As a young child, Jessica dreamed of someday being a librarian surrounded by books. A few years later, she fantasized about becoming an author, so she could put her own stories on the page. Meanwhile, she absorbed the sounds of the traditional Irish music her parents favored, but knew little about popular music, other than the albums by The Corrs, Alison Krauss, or Nickel Creek in the family’s collection. An interest in poetry led naturally to songwriting, yet she never quite felt creative freedom because her dad would take control of her songs for the band to use. After essentially disappearing – “trying to survive,” as she puts it — Jessica Willis Fisher resurfaced with a blog entry in 2018, describing the traumatic incidents of abuse. During the most difficult period of her life, she wrote two of the songs on Brand New Day. While on tour in Ireland, she composed the melody of “River Runaway,” then wrote the lyrics in her bunk on the bus. Looking back on it, she says, “I had reached a level of subconscious understanding that I was going to have to run away. I was going to have to leave, and I wasn’t sure I had what it took to do that.”
In contrast, “Gone” came after a confrontation in the studio with her father, and she wrote it while burning off her anger on the treadmill – which explains its stomp-stomp-stomp undercurrent. “There was a defiance there that I absolutely did not act on for another year, but it was a song that I needed,” she says. “It was something I was only admitting to myself. We almost recorded it as a family and I was like, ‘No, I don’t want to do this as a family.’ I think some part of me knew: ‘No, that’s yours, and you’ll do it some other time in some other life.’ In a sense, when I sing that song now, I realize I am fulfilling that prophecy. It was a promise I made to myself, and I kept that promise.”
One of the album’s most tender moments is “You Move Me,” a poignant love song written by Gordon Kennedy and Pierce Pettis which conveys the fresh start her marriage represents.
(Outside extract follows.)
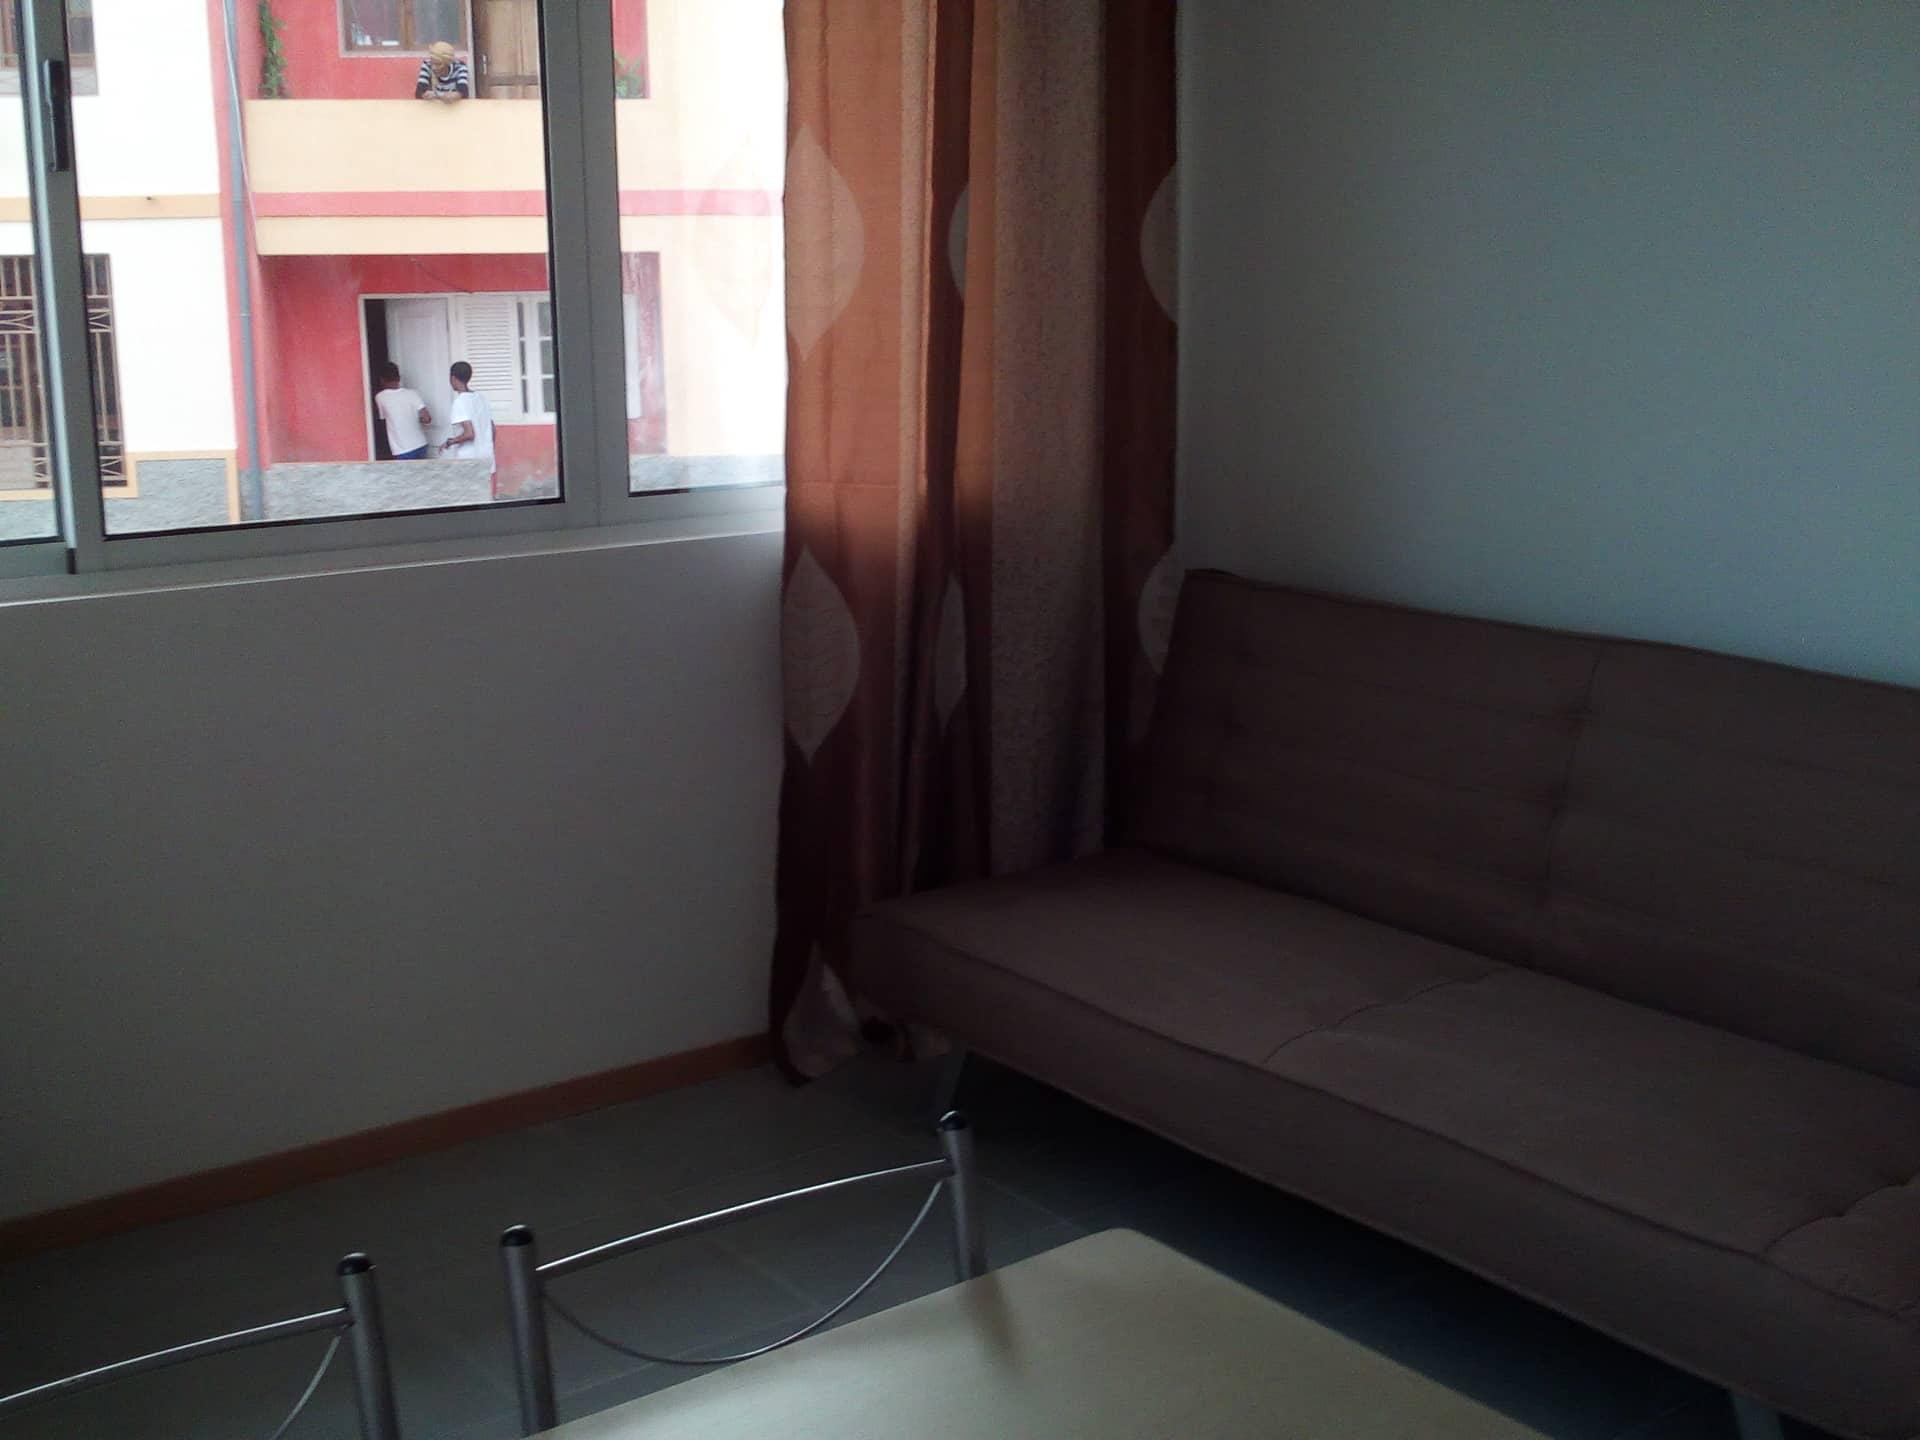 4 sofa and living room window

Another is “October First,” the closing track inspired by a journal entry which also reflects her love of changing seasons. With Brand New Day, Jessica Willis Fisher is embarking on a new season in her own life.
“Music has been one of the things that’s helped me survive,” she says. “It is a therapy for me and yet it betrayed me and broke me down at some point. So, coming back, it’s been full circle. I would say the last five or six years have been, step-by-step, about reacquainting myself and getting a whole new lease on my creative life. For me, music is about getting to know myself better. It’s really, really important to me. I feel lucky to be coming back to it.”